Model-Level Attacks
Advanced attacks targeting the model itself: training data poisoning, backdoors, adversarial examples, model extraction, and supply chain attacks.
9.1Training Data Poisoning
Supply Chain Attack
Training data poisoning is a supply chain attack that affects all users of a model. Malicious data injected during training persists in model weights and cannot be removed without retraining.
Training data poisoning involves injecting malicious examples into datasets to alter model behavior. Unlike prompt injection (runtime), poisoning attacks happen at training time and create persistent vulnerabilities.
Insert samples with specific triggers that cause targeted misclassification or behavior when present at inference.
Mislabel training examples to teach the model incorrect associations between inputs and outputs.
Add completely new malicious samples to training data via web scraping, user submissions, or supply chain compromise.
Poison fine-tuning datasets to introduce vulnerabilities in domain-specific or customized models.
9.2Adversarial Examples
Adversarial examples are inputs designed to cause model misclassification. Small, often imperceptible perturbations to inputs can drastically change model outputs.
FGSM Attack
Fast Gradient Sign Method: Single-step attack using gradient direction to create perturbations.
PGD Attack
Projected Gradient Descent: Iterative attack producing stronger adversarial examples.
Patch Attacks
Physical adversarial patches that work in real world when placed in camera view.
Universal Perturbations
Single perturbation causing misclassification for any input when applied.
9.3Model Extraction & Theft
Model extraction attacks attempt to steal or replicate a model by querying it extensively and training a copy on the input-output pairs. This threatens proprietary models and enables offline attacks.

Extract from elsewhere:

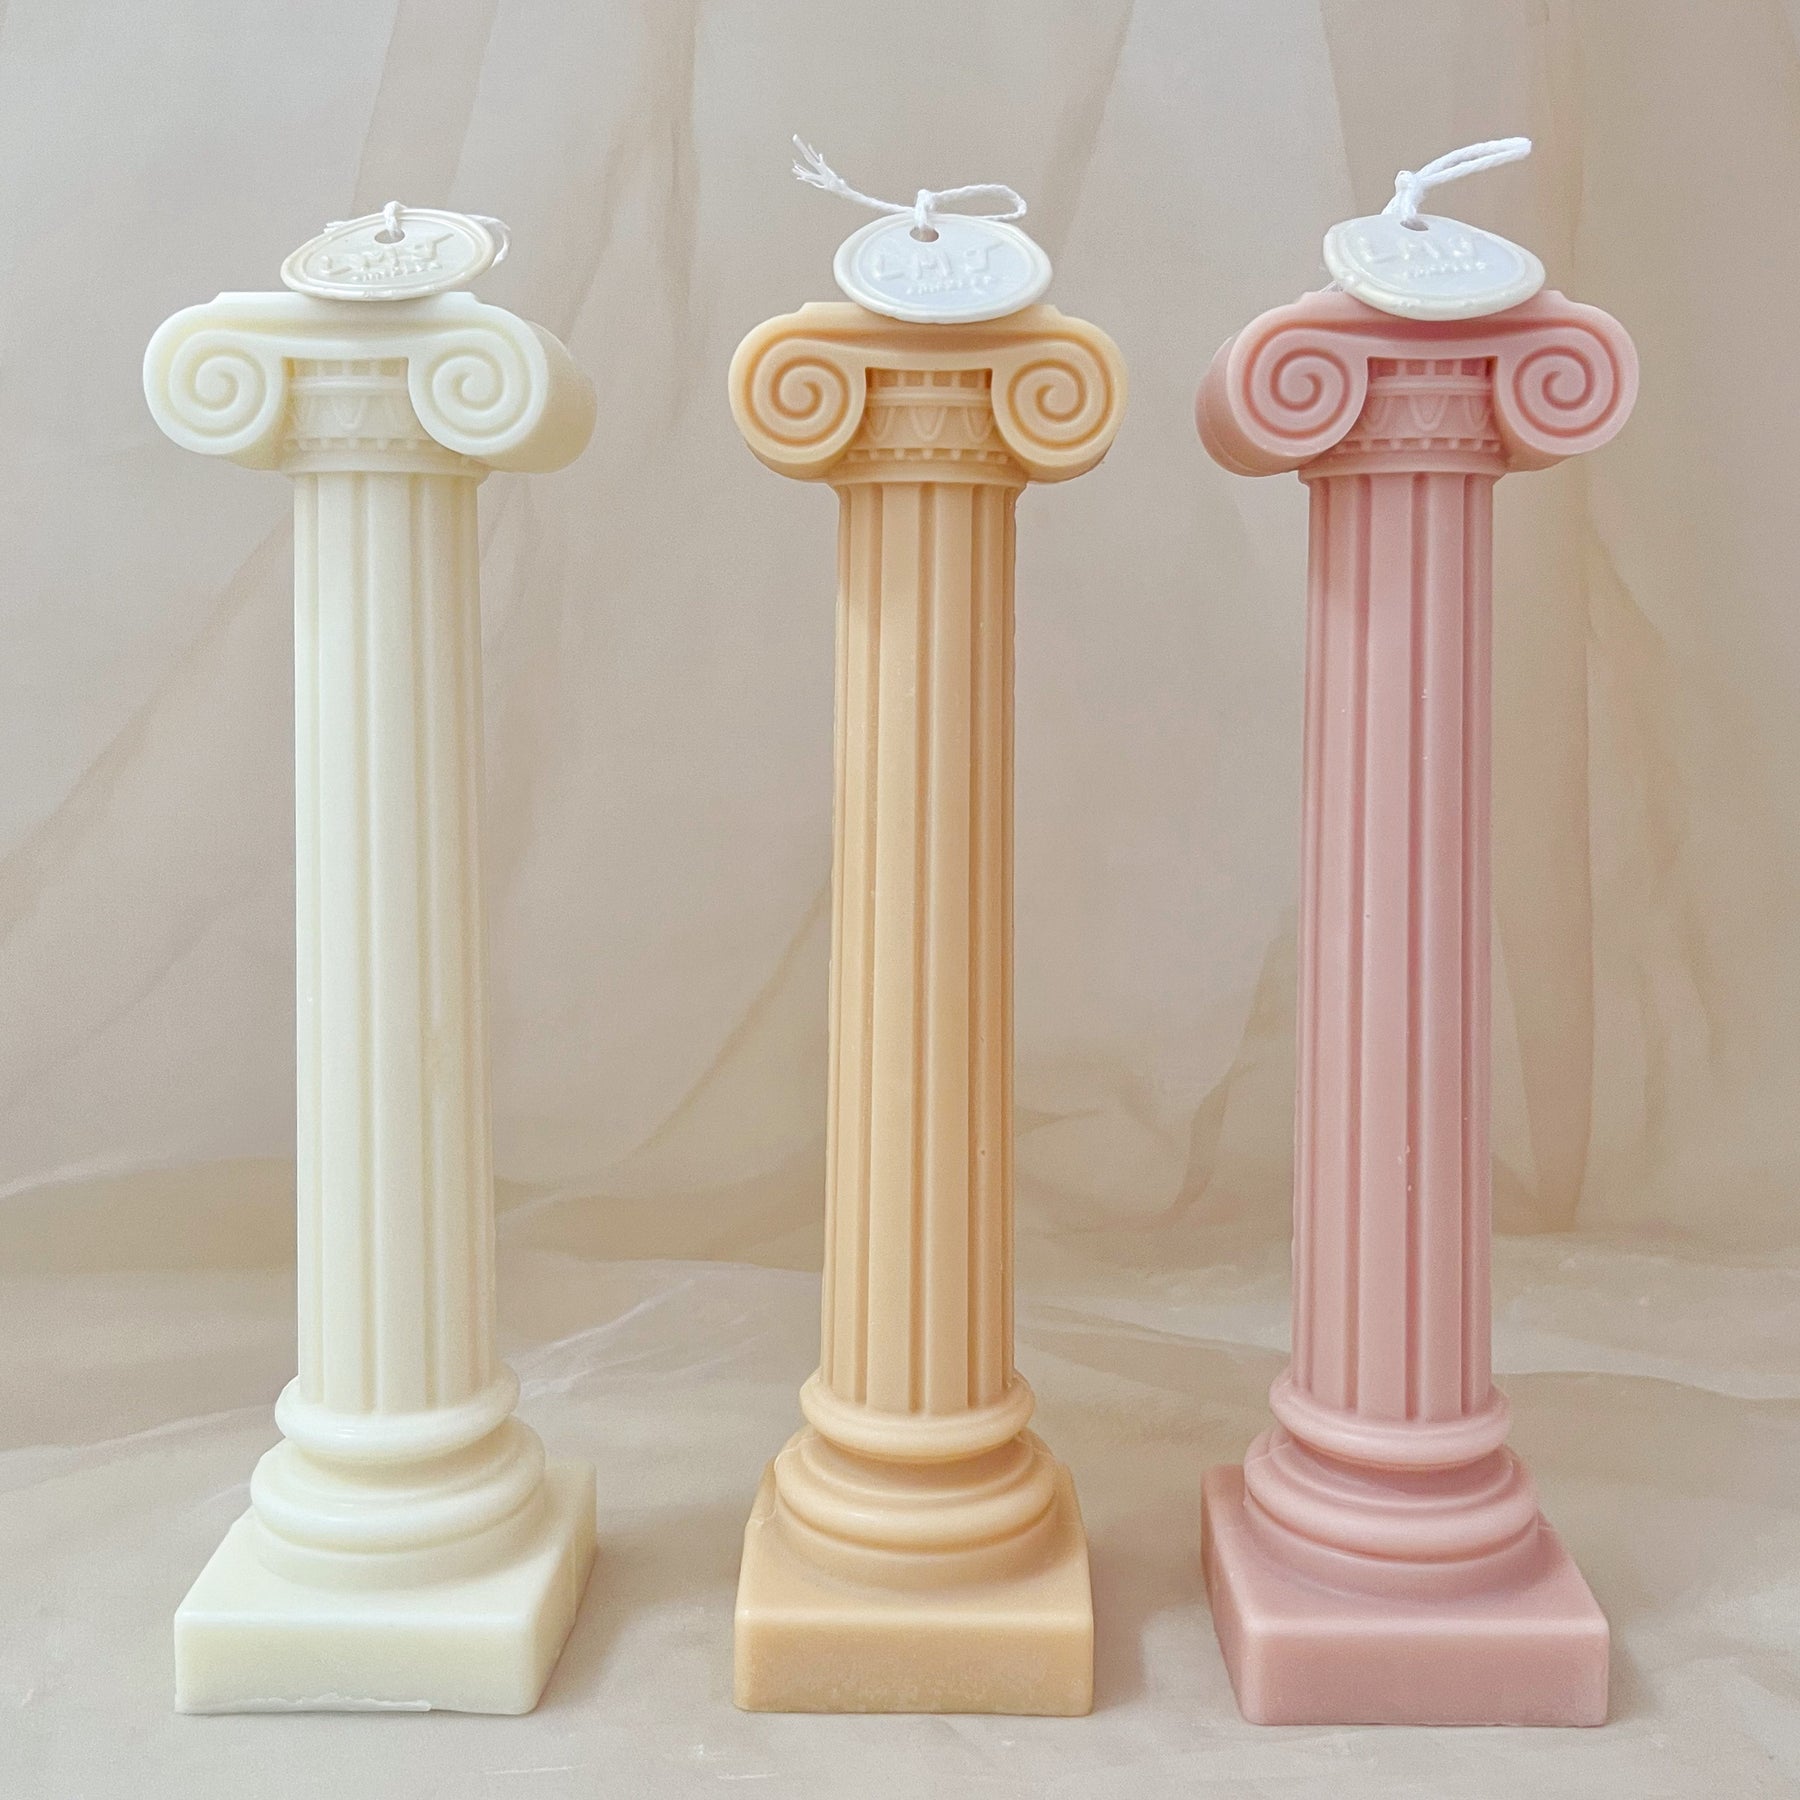 Ionic Column Scented Candle - Greek Sculptural Candle | LMJ Candles

/* MODEL EXTRACTION TECHNIQUES */ // ─── QUERY-BASED EXTRACTION ────────────────────────────────── "Send massive queries to collect input-output pairs" "Use active learning to efficiently select informative queries" "Request probabilities/logits when API exposes them" "Train surrogate model on collected data" // ─── ARCHITECTURE INFERENCE ────────────────────────────────── "Probe model capacity through increasingly complex inputs" "Analyze response latency for architecture hints" "Test tokenization patterns to identify model family" "Compare behaviors to known open-source models" // ─── SIDE-CHANNEL EXTRACTION ───────────────────────────────── "Timing analysis to infer model size/complexity" "Memory access patterns (physical access attacks)" "Power consumption analysis" "Cache timing attacks" // ─── DISTILLATION ATTACKS ──────────────────────────────────── "Use target model as teacher to label large dataset" "Train smaller student model to mimic teacher outputs" "Achieve similar performance at fraction of cost"
9.4ML Supply Chain Attacks
Trust Boundaries
ML supply chains include: pre-trained models, datasets, libraries, model hubs, fine-tuning services, and inference APIs. Each is a potential attack vector.

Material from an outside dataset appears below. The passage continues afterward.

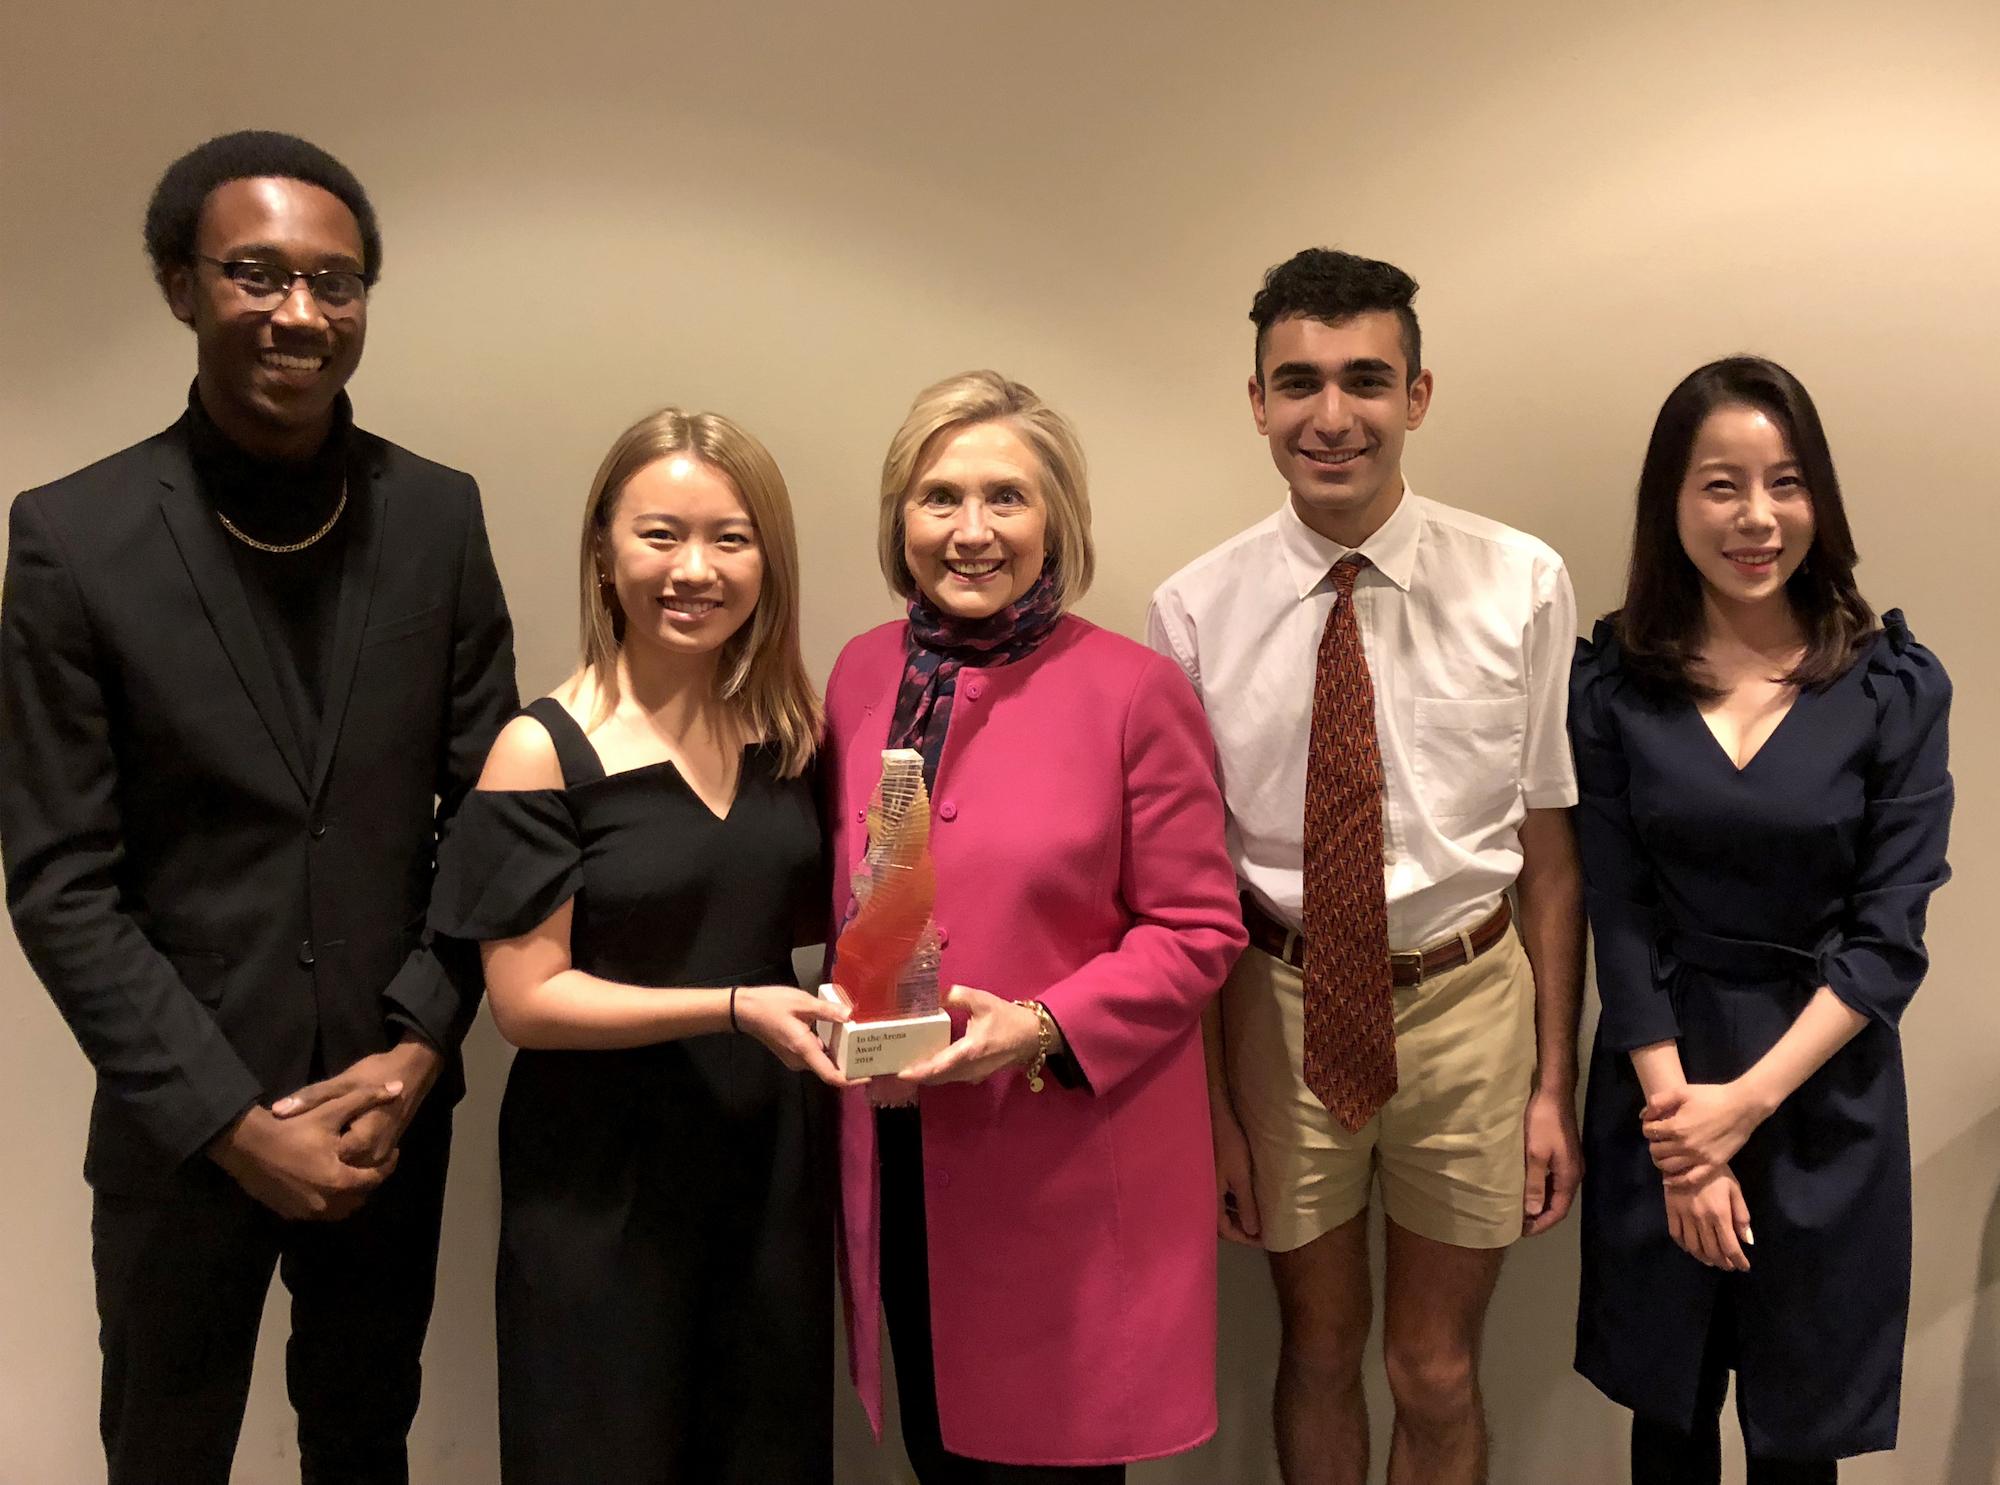 Some of the In The Arena Award design team with recipient Senator Hillary Clinton

Upload trojaned models to Hugging Face, GitHub, or other hubs. Users download and deploy backdoored models unknowingly.
Contribute malicious samples to public datasets used for training or fine-tuning by other organizations.
Compromise ML libraries (PyTorch plugins, transformers) or inject malicious code into pip/npm packages.
Exploit unsafe deserialization in pickle files (.pkl, .pt) to execute arbitrary code when model is loaded.